Jaap ist 77 und in Amsterdam geboren und aufgewachsen. Er wuchs in einer Stadt auf, in der man jeden verstand, in der der Bäcker einen kannte und in der Niederländisch selbstverständlich war. „Ich gehe jetzt durch meine eigene Stadt und fühle mich manchmal wie ein Tourist“, sagt er. Nicht wegen der Hektik, sondern wegen der Sprache. In Geschäften, Cafés und sogar beim Hausarzt wird er immer häufiger auf Englisch angesprochen. „Als ob es komisch wäre, dass ich einfach Niederländisch spreche.“
Ständig umschalten
Was Jaap frustriert, ist nicht, dass Menschen Englisch können oder sprechen wollen. „Das ist in Ordnung“, sagt er. „Aber warum ist es zur Norm geworden?“ Er merkt, dass er sich in seinem eigenen Land anpassen muss. Im Café bestellen, eine Frage in einem Geschäft stellen, sogar ein simples Gespräch beginnt immer häufiger auf Englisch. „Ich bin 77, kein Expat. Warum muss ich umschalten?“ Für ihn fühlt es sich wie eine Umkehrung an. „Der Gast fühlt sich als Gastgeber.“
International oder gleichgültig
Laut Jaap wird dies oft mit dem Argument verteidigt, dass Amsterdam eine internationale Stadt sei. „Das höre ich seit Jahren“, sagt er. Doch Internationalität muss seiner Meinung nach nicht bedeuten, dass die eigene Sprache verschwindet. „Paris bleibt französisch, Berlin bleibt deutsch.“ Er fragt sich, warum die Niederlande das so leicht mitmachen. „Es fühlt sich manchmal an, als hielten wir unsere eigene Sprache für minderwertig.“

Nicht gegen Ausländer, aber für Niederländisch
Jaap betont, dass sich seine Kritik nicht gegen Ausländer richtet. „Jeder ist willkommen“, sagt er. „Aber willkommen heißt auch, dass man Teil des Ortes wird, an dem man ist.“ Er findet es merkwürdig, dass von Neuankömmlingen kaum erwartet wird, Niederländisch zu lernen, besonders in Amsterdam. „Wir reden über Integration, aber wenn nicht einmal der Barista Niederländisch spricht, was bedeutet dieses Wort dann noch?“
Die Auswirkungen auf ältere Generationen
Was laut Jaap oft vergessen wird, ist, dass sich nicht jeder auf Englisch wohlfühlt. „Für die Jüngeren ist es normal, für mich ist es eine Zweitsprache.“ Er merkt, dass er sich dadurch manchmal zurückhaltender verhält. Weniger Fragen, weniger Gespräche, weniger Kontakt. „Sprache ist Verbindung“, sagt er. „Wenn die verschwindet, verschwindet auch ein Stück Gemeinschaft.“ Das trifft ihn mehr, als er erwartet hätte.

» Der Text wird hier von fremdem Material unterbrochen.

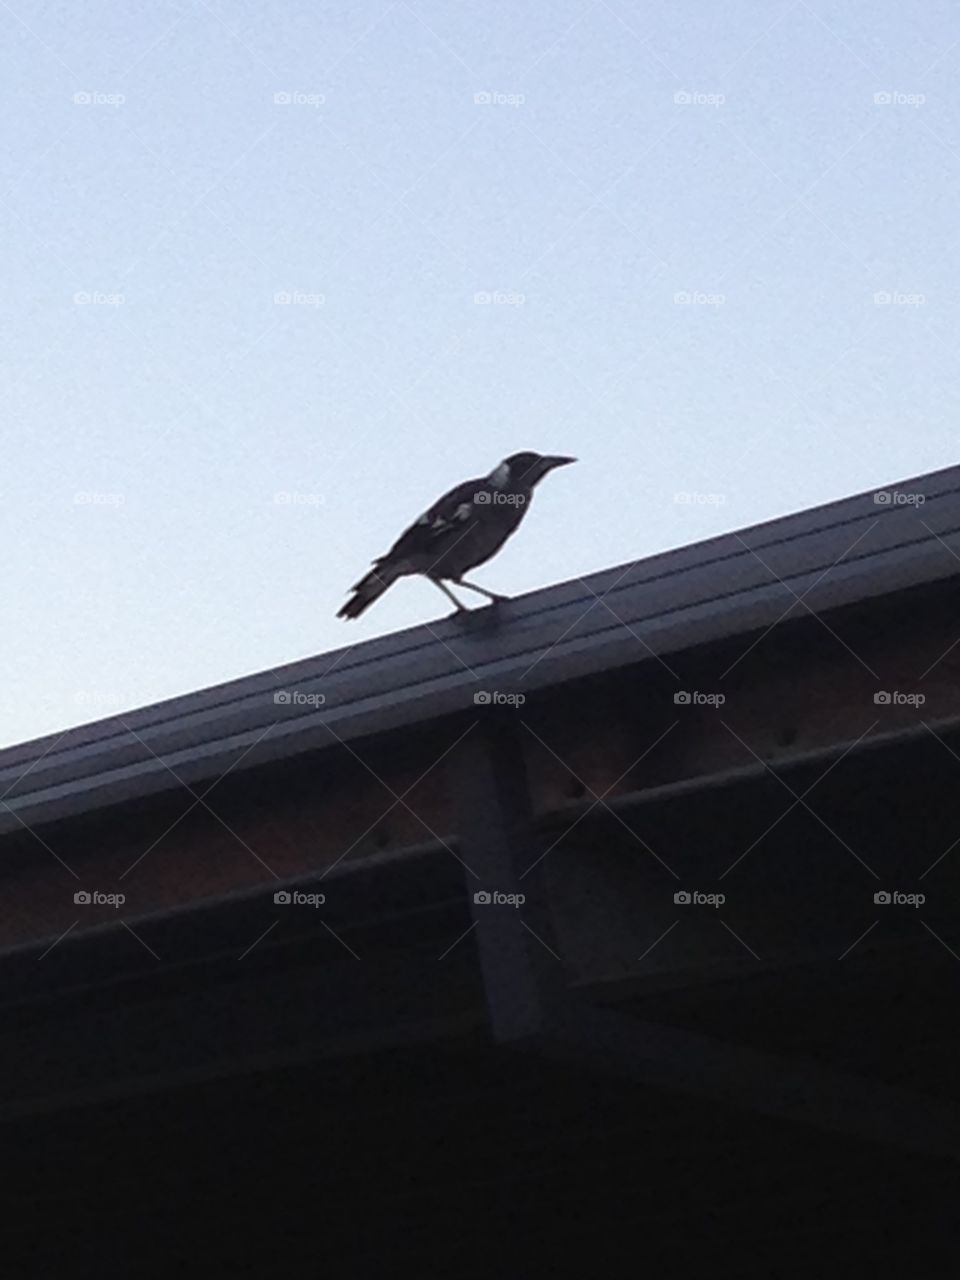 Magpie on the roof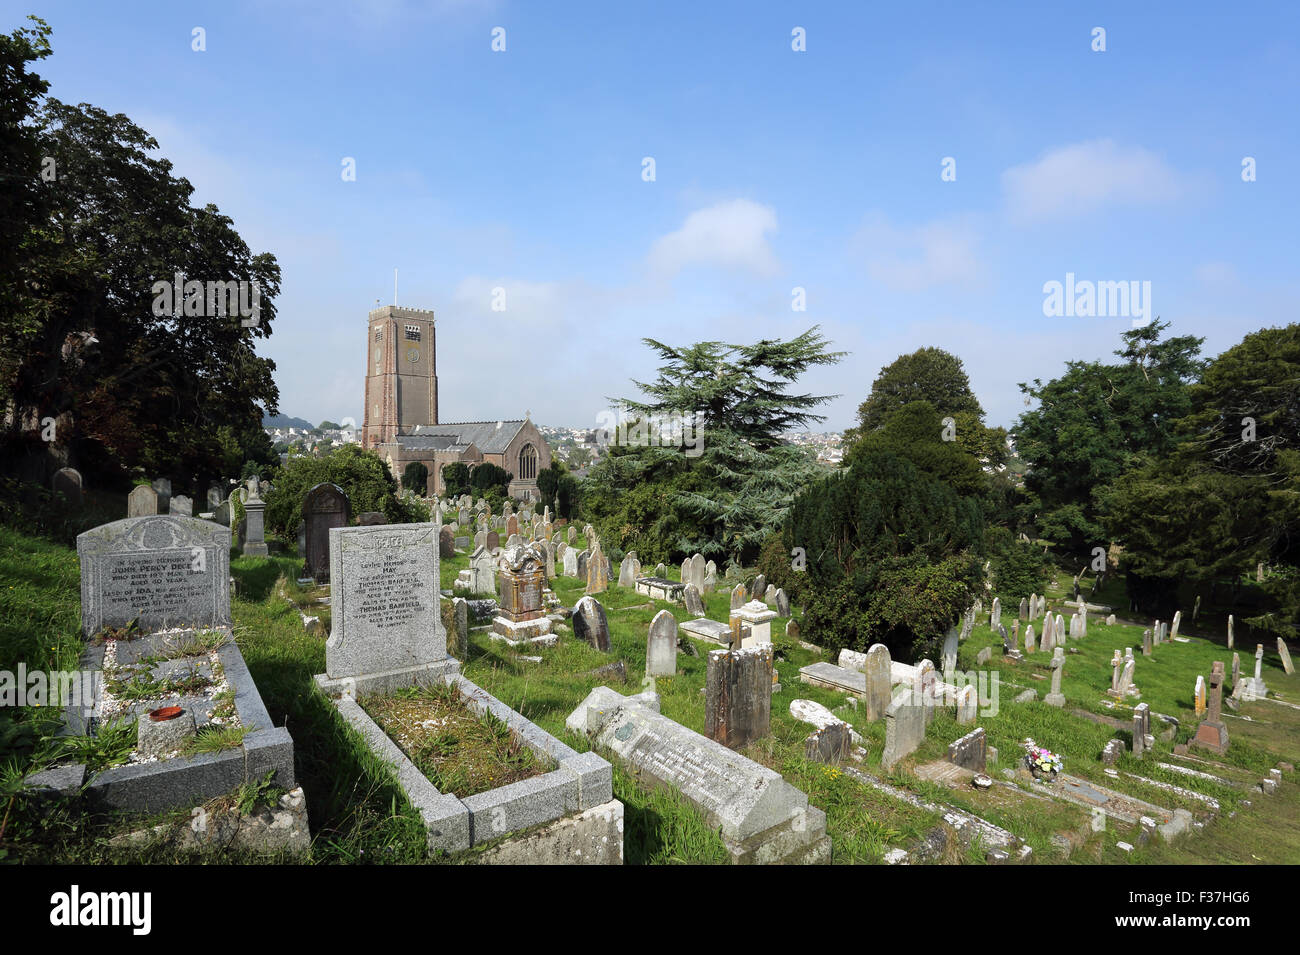 Graveyard in grounds of St. Mary's Church, Brixham, Devon, England, UK, with the church in the background. Stock Photo

Eine Stadt – für wen eigentlich
Jaap sieht, wie sich Amsterdam in eine Stadt verwandelt, die sich vor allem an Expats, Touristen und internationale Unternehmen richtet. „Der örtliche Bewohner scheint Nebensache.“ Mieten steigen, Geschäfte verändern sich und jetzt auch die Sprache. „Alles weist in dieselbe Richtung.“ Er fragt sich, für wen die Stadt überhaupt noch gestaltet wird. „Wenn man hier lebt, arbeitet und Steuern zahlt, sollte man sich doch zu Hause fühlen.“
Normalisieren, was eigentlich fremd ist
Was Jaap am meisten stört, ist, wie schnell das alles normalisiert wurde. „Die Leute zucken mit den Schultern.“ Als ob es unvermeidlich wäre. „Aber alles, was normal wird, hat einmal als Entscheidung begonnen.“ Seiner Meinung nach ist es Zeit, diese Entscheidung neu zu überdenken. „Nicht aus Nostalgie, sondern aus Selbstachtung.“
Am Ende des Gesprächs stellt Jaap die Frage, die er sich immer öfter selbst stellt und nun auch dir vorlegen möchte: Finden wir es wirklich normal, dass man in der eigenen Hauptstadt standardmäßig Englisch sprechen muss, oder haben wir etwas verloren, das wir erst vermissen, wenn es ganz verschwunden ist?